Too often and too consistently, the nonprofit sector’s leadership has resisted review in the same terms and to the same effect as corporate America. Much of the “leadership” that has had the time and drive to lobby on the regulatory environment at all has or is well aligned with a particular set of vested interests. I admit I am a skeptic on this, but that is a result of my 35 years of professional experience. While I believe in the importance and mission of our sector, and while I have observed a host of exceptional leaders and governance models, I have great fears that the sector, given the choice, will do exactly what it has done historically, and in fact exactly what the leaders of corporate America are doing now: ragging the puck* with task forces and studies proposing more standards and more voluntary action, while at the same time talking only to fellow “insiders” and true believers. Assertions that regulation will divert time and money from our core missions, and that we should not all be tainted by a few bad apples, prevent us from considering the benefits of meeting the challenge to participate actively in the evolution of a carefully crafted, well tended, well bounded, well refereed, and sun-drenched playing field—and one that need not be “one size fits all,” form over substance, or unduly costly.
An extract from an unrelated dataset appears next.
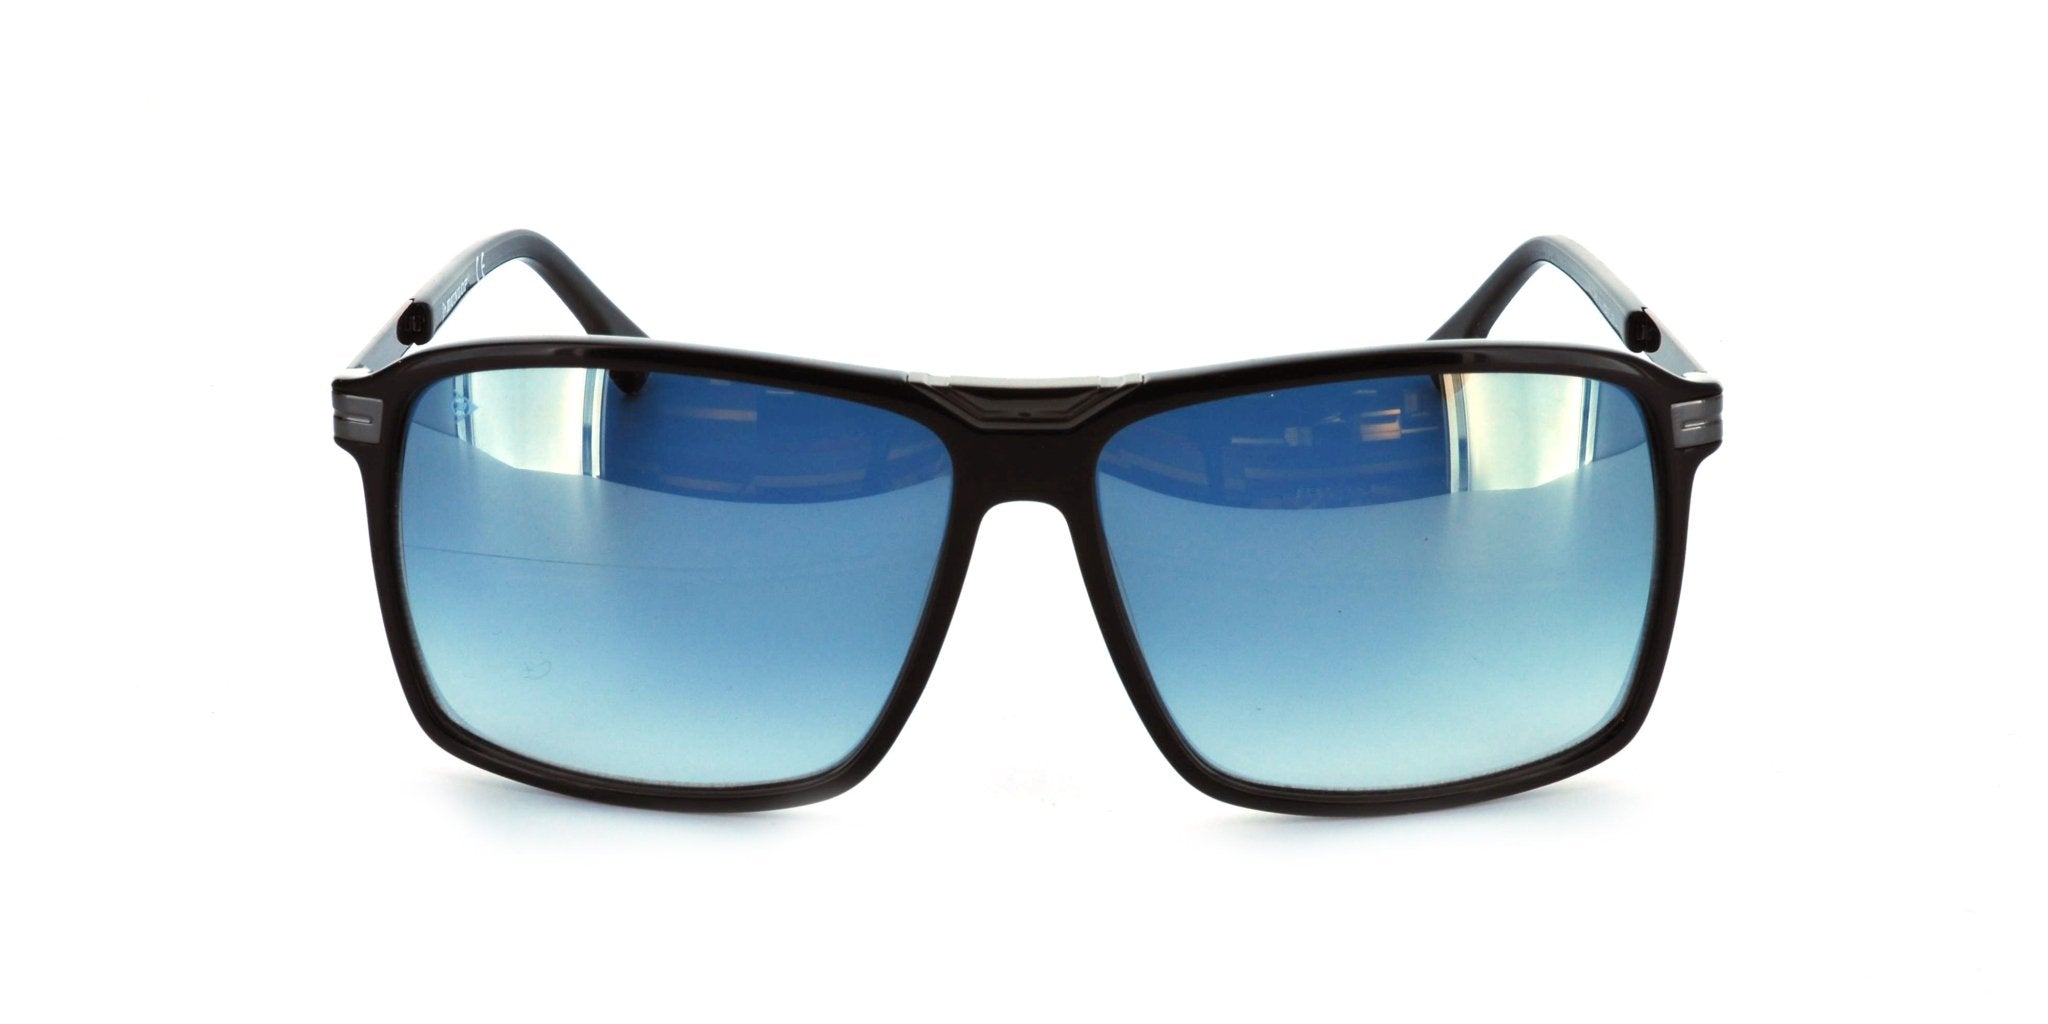 Takreem Dunlop DG-3498-C2 Men's Sunglasses - A Blend of Style and Protection - #shoTakreem Dunlop DG-3498-C2 Men's Sunglasses - A Blend of Style and Protectionp_name#Takreem Dunlop DG-3498-C2 Men's Sunglasses - A Blend of Style and ProtectionSunglassesDunlopTakreem.joDG 3498 c2BlueAcetateMenTakreem Dunlop DG-3498-C2 Men's Sunglasses - A Blend of Style and Protection - Takreem.jo
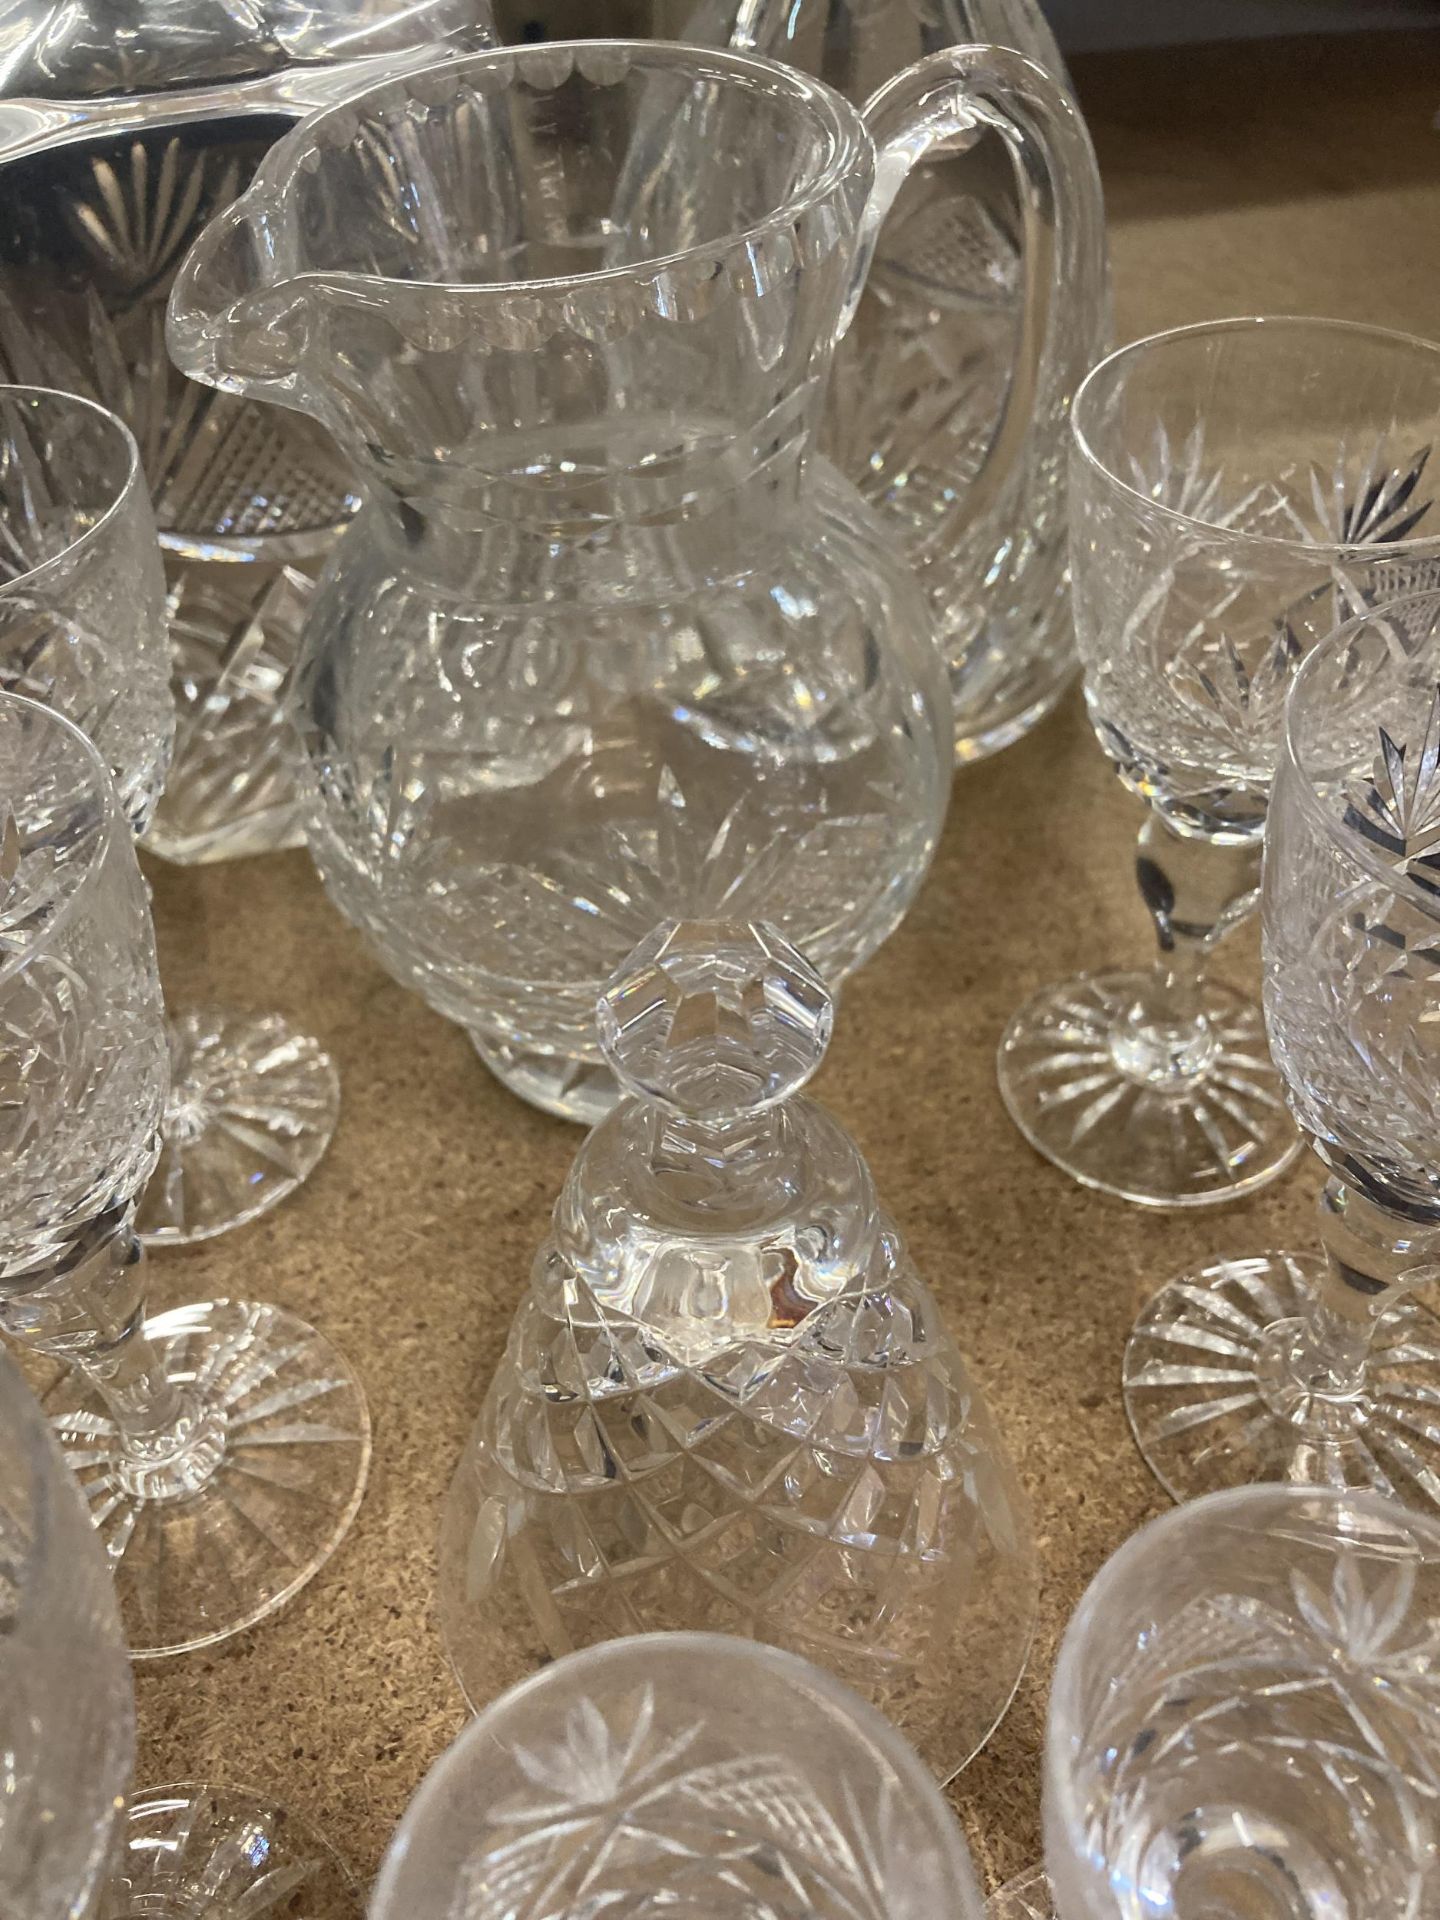 A QUANTITY OF GLASSWARE TO INCLUDE DECANTERS, A JUG, SHERRY AND LICQUOR GLASSES, ETC - Bild 5 aus 5

As Attorney General of Massachusetts, I developed model enforcement and education programs through strong partnerships and working relationships with all sizes and shapes of nonprofit organizations. I initially faced significant resistance, but fortunately I had the benefit of using an expert advisory panel of sector leaders and advisors to guide my office in developing a wide array of policies in diverse areas. As a result, my office was able to fairly and aggressively enforce the law against the small percentage of criminals, con artists, frauds, and corrupt entities whose actions tainted the integrity of the majority.

I am confident that this kind of public/private work toward strong and reasonable accountability systems can be done at a local level. What we are missing is the kind of positive, proactive advocacy from the sector—at the national level as well—that will help achieve the best balance of imposed and voluntary accountability measures. We must all value, not fear, the principles of democracy—accountability, transparency, disclosure, checks and balances, integrity, openness, robust debate, public and private-sector partnerships, and, above all, civic engagement by all of us, including an educated, active constituency.

* “Ragging the puck” is a hockey term that describes deliberately holding on, circling back, passing back, or otherwise retaining possession of the puck to keep your opponent from scoring.